Avg_rev<- sum((x*p)*fees)/sum(p)

Avg_rev
## [1] 15.7
# Standard deviation

StdDev <-sqrt(0.54*(0-Avg_rev)^2 + 0.34*(25-Avg_rev)^2 + 0.12*(60-Avg_rev)^2)
StdDev
## [1] 19.95019
#(b) 
# Let assume 54% have no checked baggages: 0.54*120 = 65; 
#34% have one piece of checked luggage: 0.34*120 = 41;
# 12% have two pieces: 14. We have then y=(65,41,14)

y<-c(65,41,14)

Exp_revenue<- sum(y*fees)
Exp_revenue
## [1] 1865
Avg_Exp_revenue = mean(y*fees)
Avg_Exp_revenue
## [1] 621.6667
StdDev_Exp_revenue = sd(y*fees)
StdDev_Exp_revenue
## [1] 546.2676

Income and gender. (3.38, p. 128) The relative frequency table below displays the distribution of annual total personal income (in 2009 inflation-adjusted dollars) for a representative sample of 96,420,486 Americans. These data come from the American Community Survey for 2005-2009. This sample is comprised of 59% males and 41% females.
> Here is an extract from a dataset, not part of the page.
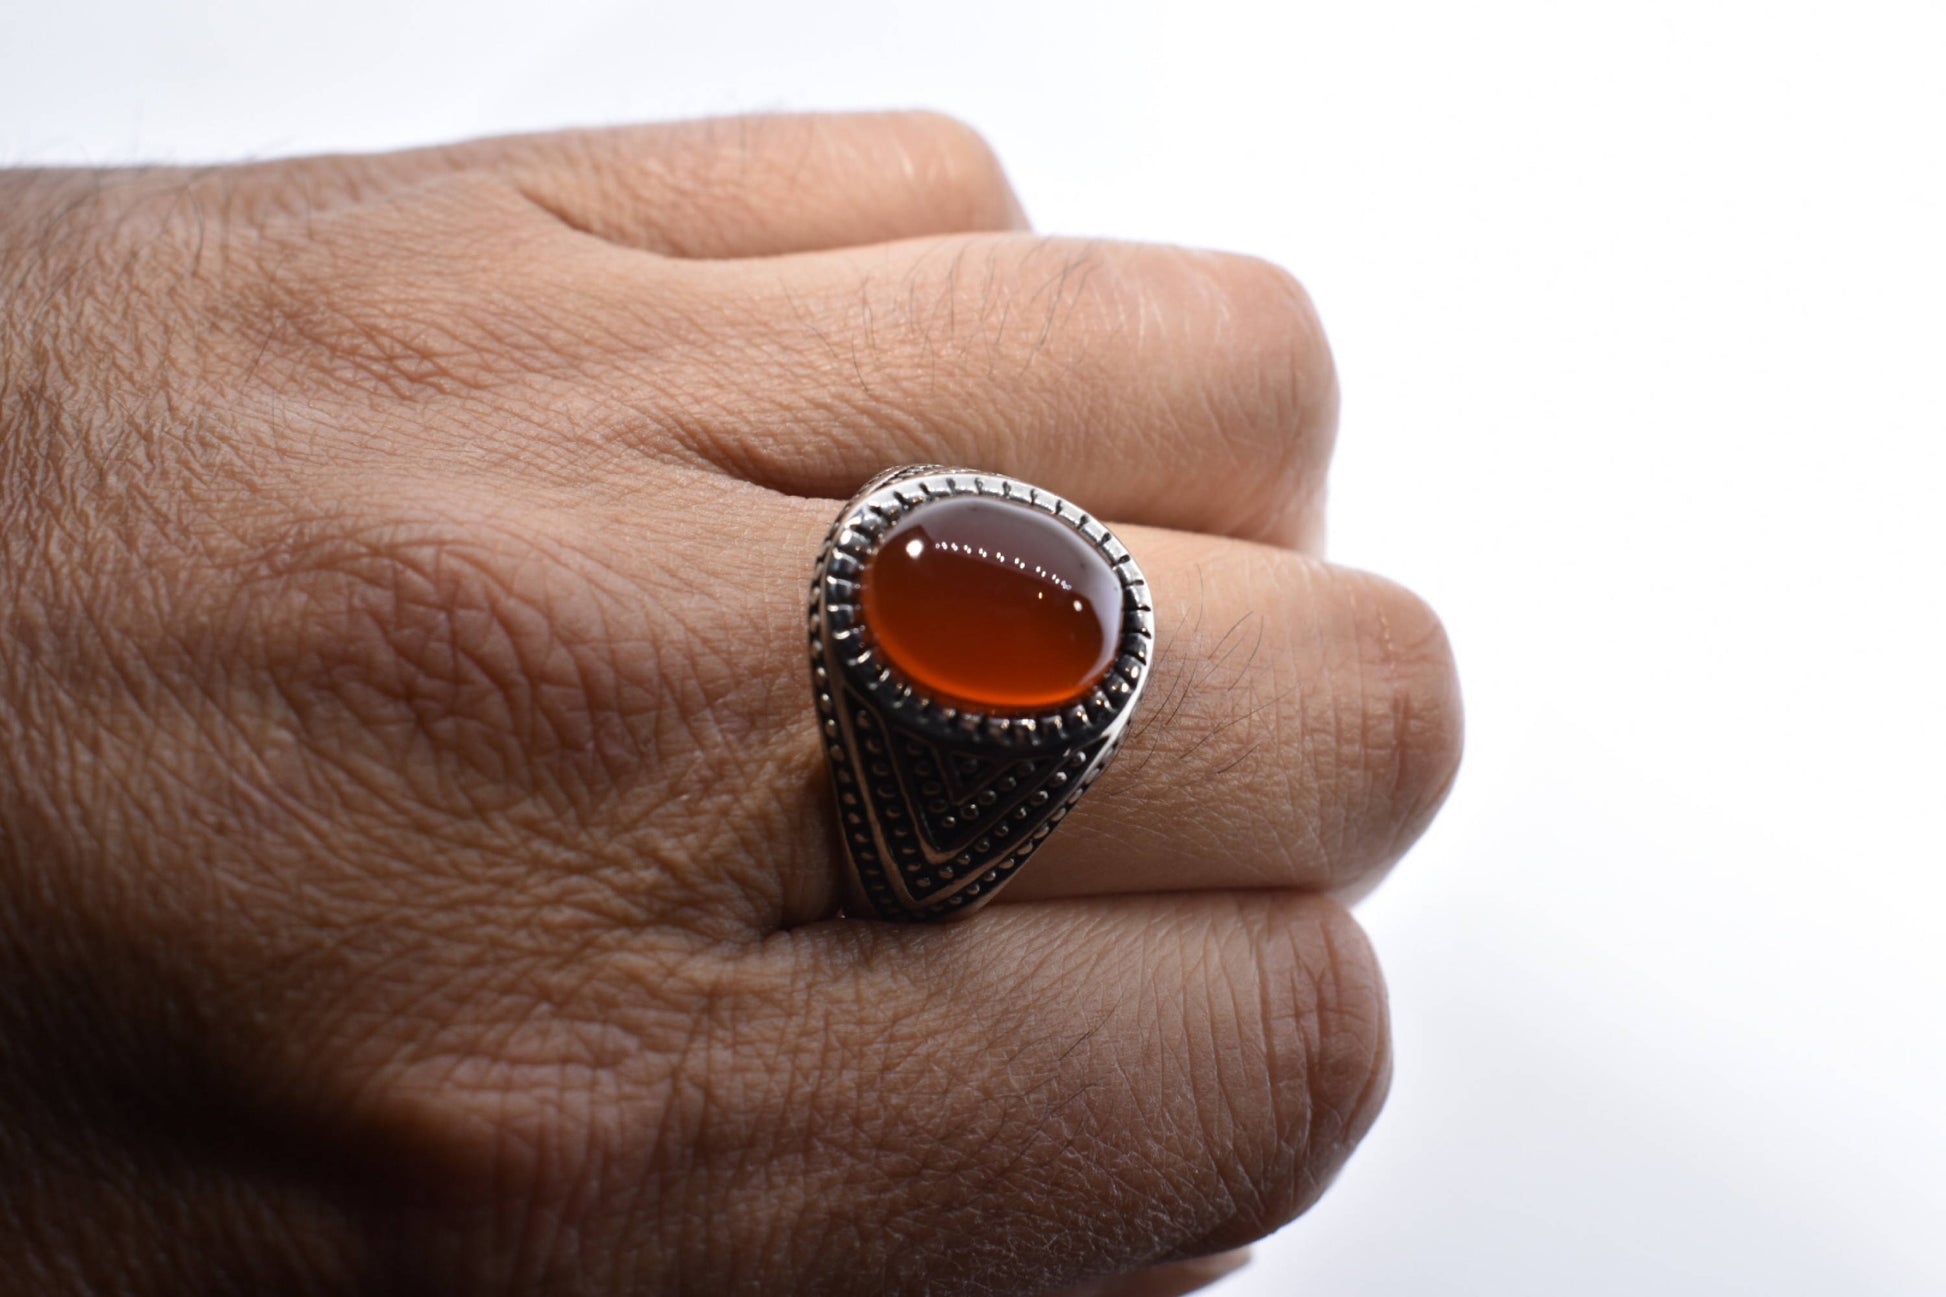 Vintage Gothic Genuine Red Carnelian Silver Stainless Steel Mens Ring

  1. Describe the distribution of total personal income.
  2. What is the probability that a randomly chosen US resident makes less than $50,000 per year?
  3. What is the probability that a randomly chosen US resident makes less than $50,000 per year and is female? Note any assumptions you make.
  4. The same data source indicates that 71.8% of females make less than $50,000 per year. Use this value to determine whether or not the assumption you made in part (c) is valid.

Solution

# Plot barplot for distribution

Income <- c("$1 to $9,999","$10,000 to $14,999","$15,000 to $24,999",
            "$25,000 to $34,999","$35,000 to $49,999",
            "$50,000 to $64,999","$65,000 to $74,999",
            "$75,000 to $99,999","$100,000 or more")
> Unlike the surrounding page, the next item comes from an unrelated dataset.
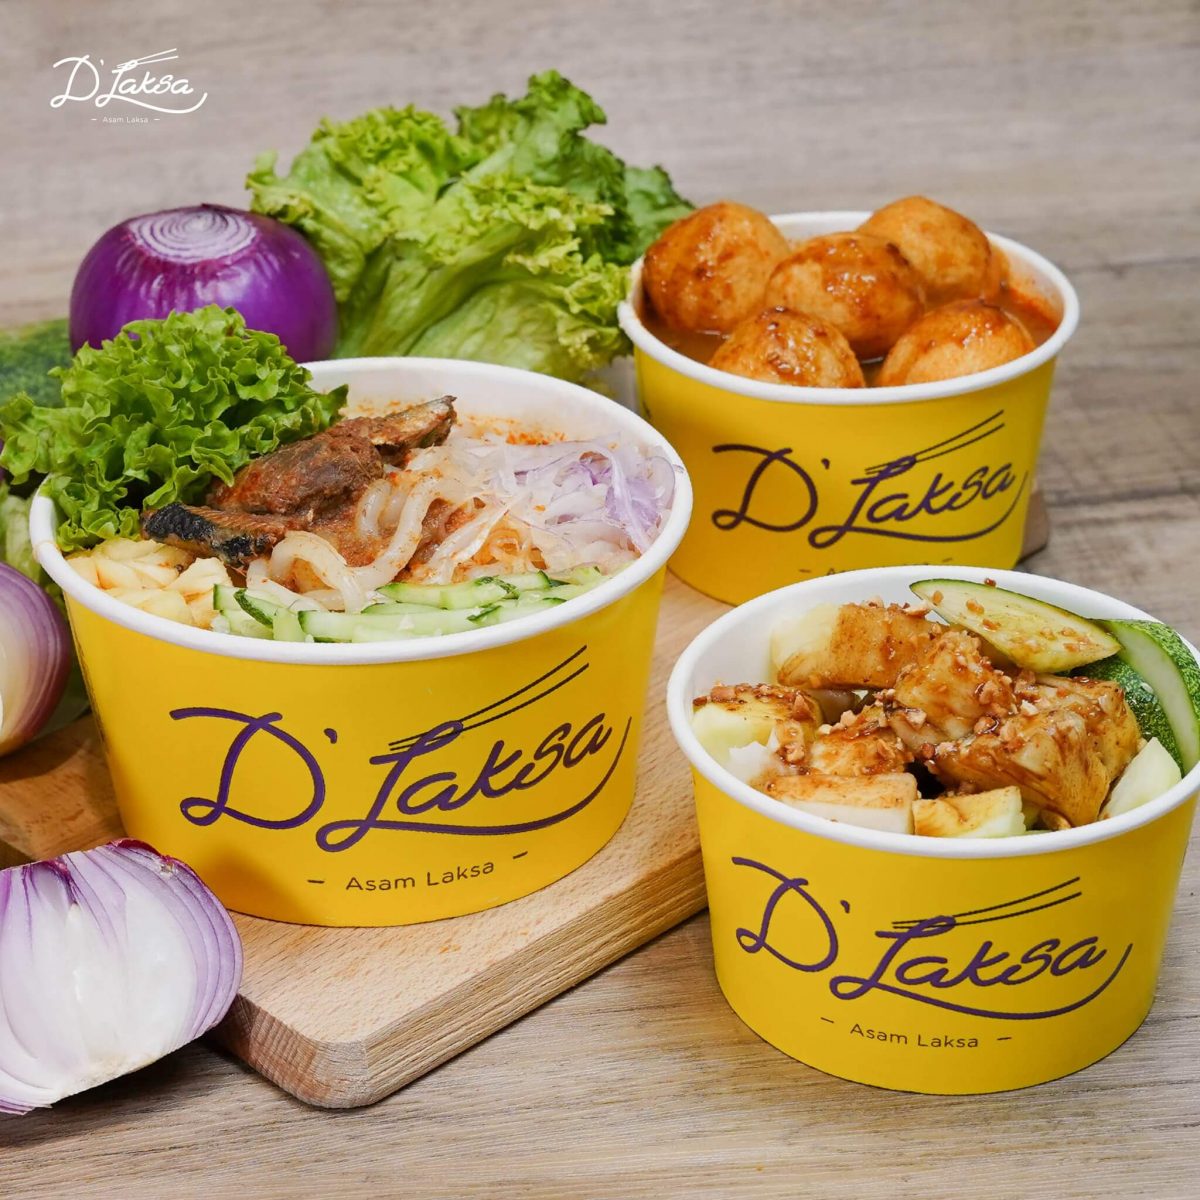 D'laksa Sunway Pyramid - With different varieties, you’ll never get bored of Laksa!

Total_percent <- c(2.2,4.7,15.8,18.3,21.2,13.9,5.8,8.4,9.7)

summary_table <- data.frame(Income, Total_percent)
summary_table
barplot(Total_percent, names.arg = Income, 
        col = "light blue", xlab = "Income range", ylab ="Total_percent")

The distribution looks unimodal and most of the population has the personal income between $35,000 to $49,999. And there are more residents making less than $50,000 than those making more than $50,000.

  1. (21.2+18.3+15.8+4.7+2.2)% = 62.2%. the probability that a randomly chosen US resident makes less than $50,000 per year is 0.622 or 62.2%

  2. Assume there is 41% of females in the sample. Thus, 0.41*0.622 = 0.25502 or 25.50% Therefore, the probability that a randomly chosen US resident makes less than $50,000 per year and is female is 25.50%

  3. As the same source indicates that 71.8% of females make less than $50,000 per year which is different from what I found in (c), my assumption seems wrong but this brings me to say also that person income and gender are not independent.